10

I have a requirement to convert plain text to and from RTF (RichText Format) using javascript.

I am looking for a function for each conversion, and I am not looking to use a library.

Conversion from plain to RTF

The formatting styles and colours are not important, all that matters is that the plain text i converted into a valid RTF format

Conversion from RTF to plain

Again, the styles are not important. They can be completed removed. All that is required is that all text data remains (no loss of entered data)

musefan
  • 47,875
  • 21
  • 135
  • 185

2 Answers2

13

I found a c# answer here which was a good starting point, but I needed a Javascript solution.

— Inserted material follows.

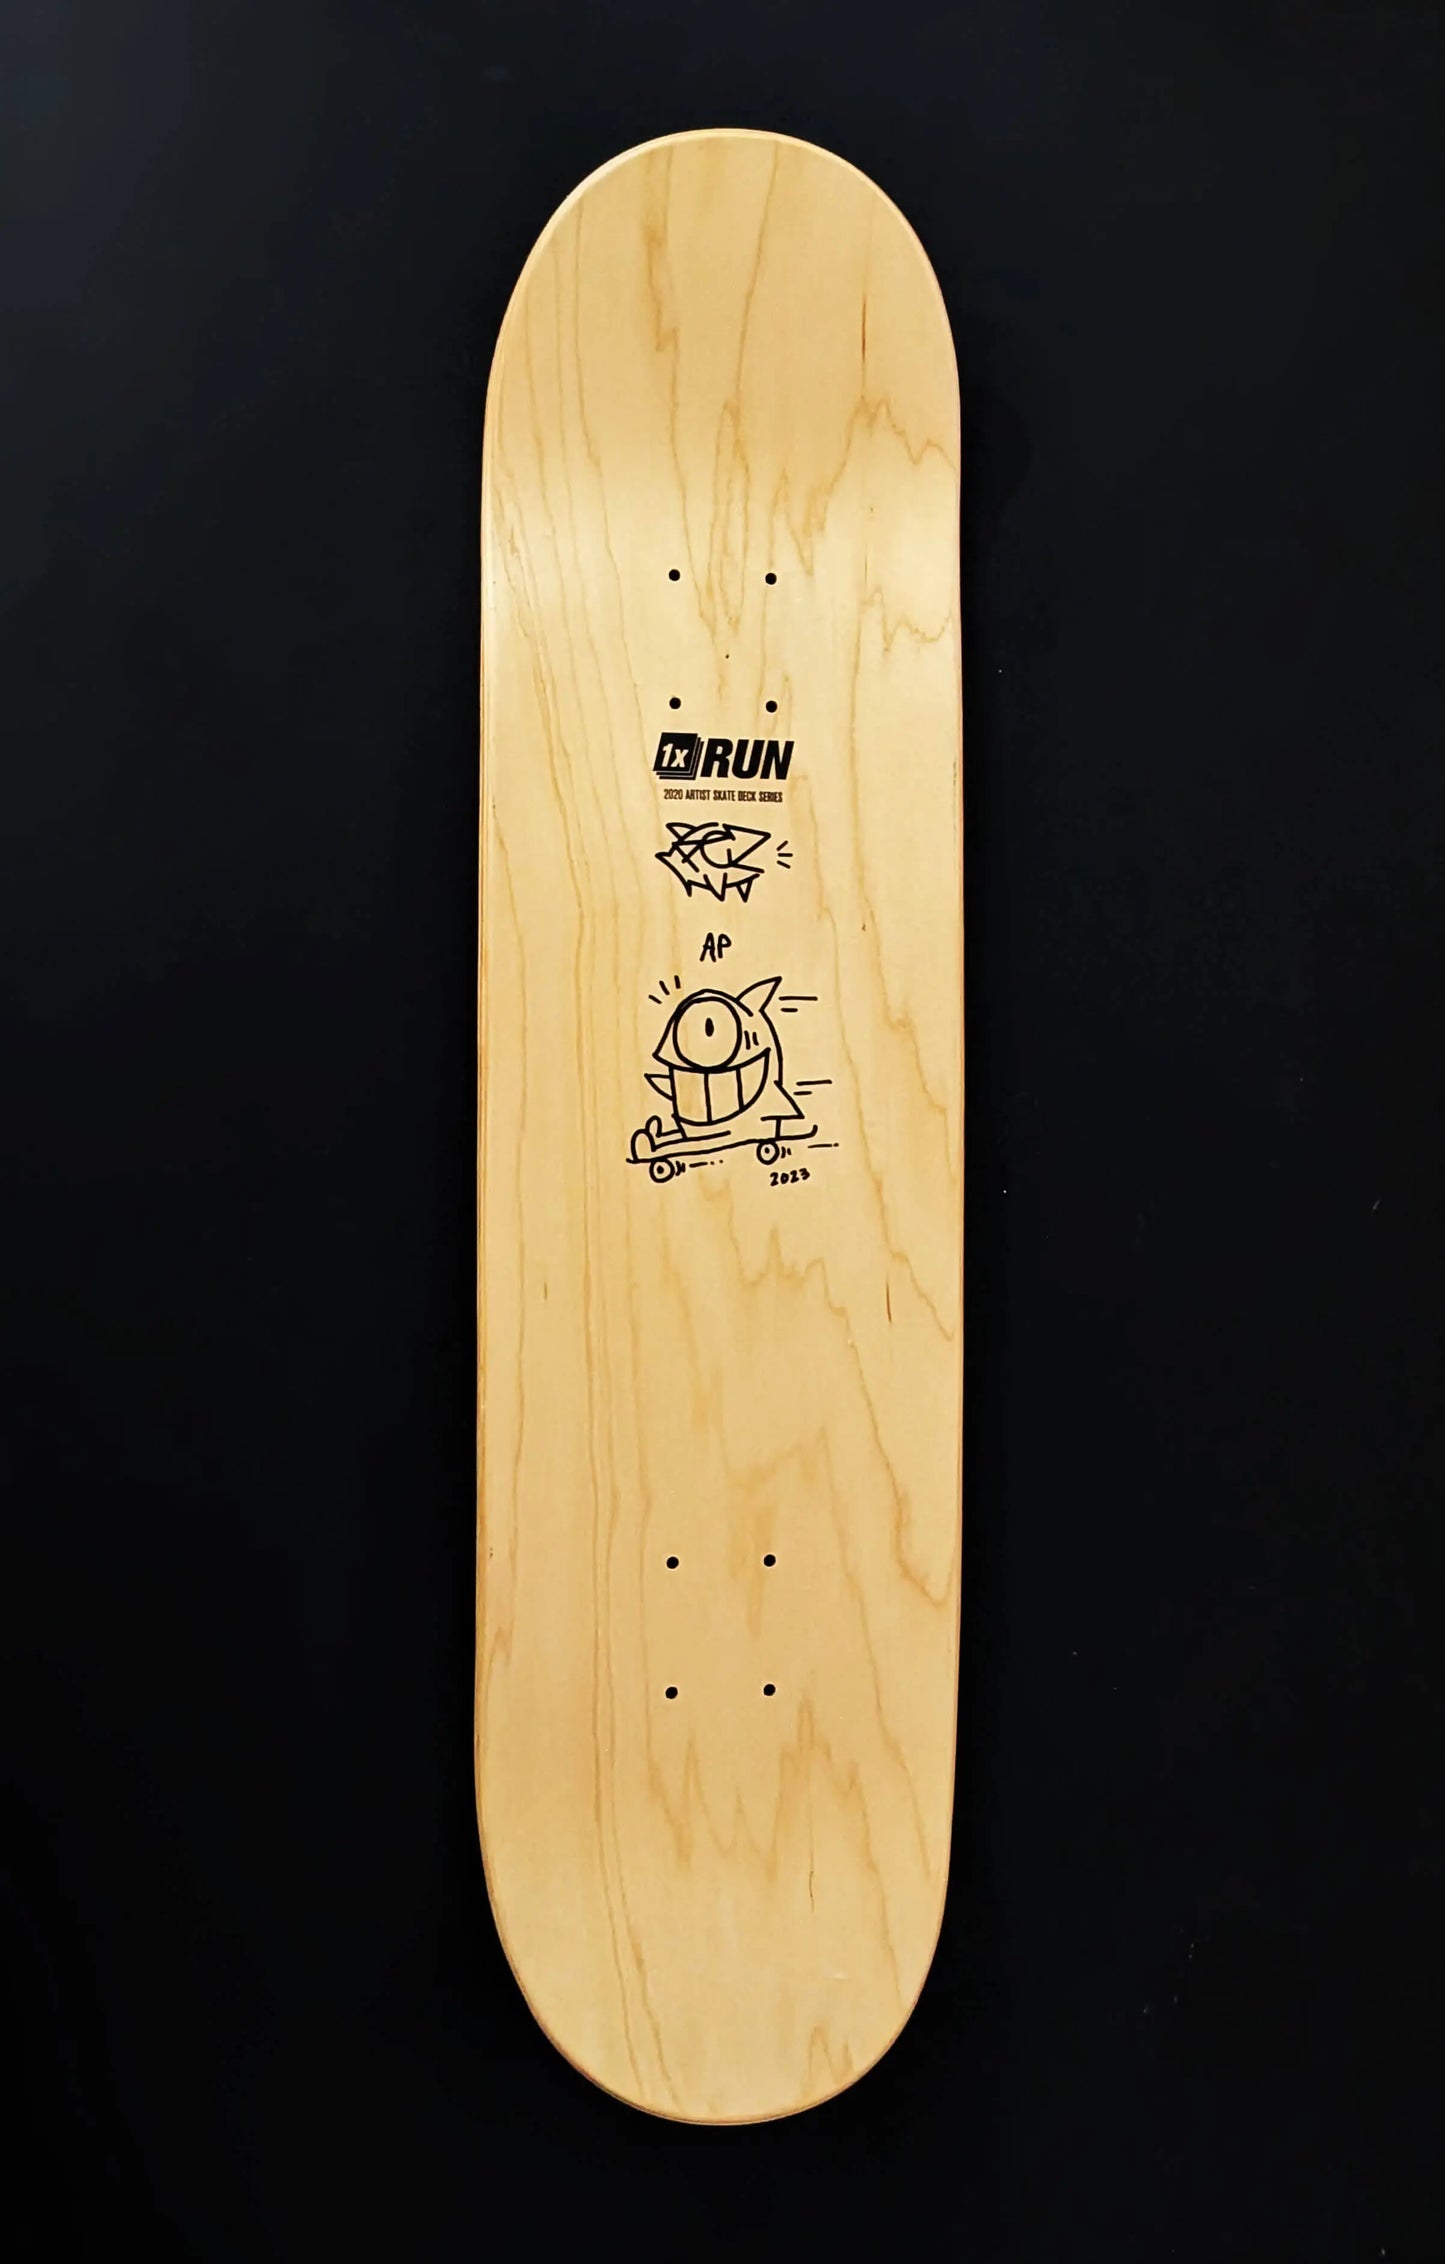 Pez Skate Deck with Augmented Reality "20 Years Smiling" (Variant 3) front

There is no guarantee that these are 100% reliable, but they seem to work well with the data I have tested on.

function convertToRtf(plain) {
    plain = plain.replace(/\n/g, "\\par\n");
    return "{\\rtf1\\ansi\\ansicpg1252\\deff0\\deflang2057{\\fonttbl{\\f0\\fnil\\fcharset0 Microsoft Sans Serif;}}\n\\viewkind4\\uc1\\pard\\f0\\fs17 " + plain + "\\par\n}";
}

function convertToPlain(rtf) {
    rtf = rtf.replace(/\\par[d]?/g, "");
    return rtf.replace(/\{\*?\\[^{}]+}|[{}]|\\\n?[A-Za-z]+\n?(?:-?\d+)?[ ]?/g, "").trim();
}

Here is a working example of them both in action

Community
  • 1
  • 1
musefan
  • 47,875
  • 21
  • 135
  • 185
  • or [here](https://github.com/lazygyu/RTF-parser) you've got a javascript RTF parser by lazygyu – Kaiido Apr 28 '15 at 15:48
  • I would give you 100 upvotes for this if I could, thank you! – user3897392 Jul 21 '16 at 19:07
  • 2
    This won’t work well for Unicode input (non-English chars, typographic quotation marks, etc). – mirabilos Jun 14 '17 at 14:52
  • @mirabilos: Yeah I would have expected there would be problems with things like that. Unfortunately I don't know enough about RTF format to provide anything more robust – musefan Jun 14 '17 at 15:27
  • rtf.replace(/\\'[0-9a-zA-Z]{2}/g, "").trim(); will remove some of the unwanted unicode characters – Tjad Clark Jun 15 '17 at 17:30
  • 1
    @TjadClark those Unicode characters are **wanted** and **needed** to be correctly represented in the output – mirabilos Jun 16 '17 at 11:33
  • I suppose it depends from app to app, that was just a general expression for unicode hex. My application seems to permit me to ignoring that. Thanks for the heads up though. – Tjad Clark Jun 16 '17 at 19:52
0

Adding onto Musefan's answer for some hex characters

function convertToPlain(rtf) {
    rtf = rtf.replace(/\\par[d]?/g, "");
    rtf = rtf.replace(/\{\*?\\[^{}]+}|[{}]|\\\n?[A-Za-z]+\n?(?:-?\d+)?[ ]?/g, "")
    return rtf.replace(/\\'[0-9a-zA-Z]{2}/g, "").trim();
}
Tjad Clark
  • 552
  • 3
  • 17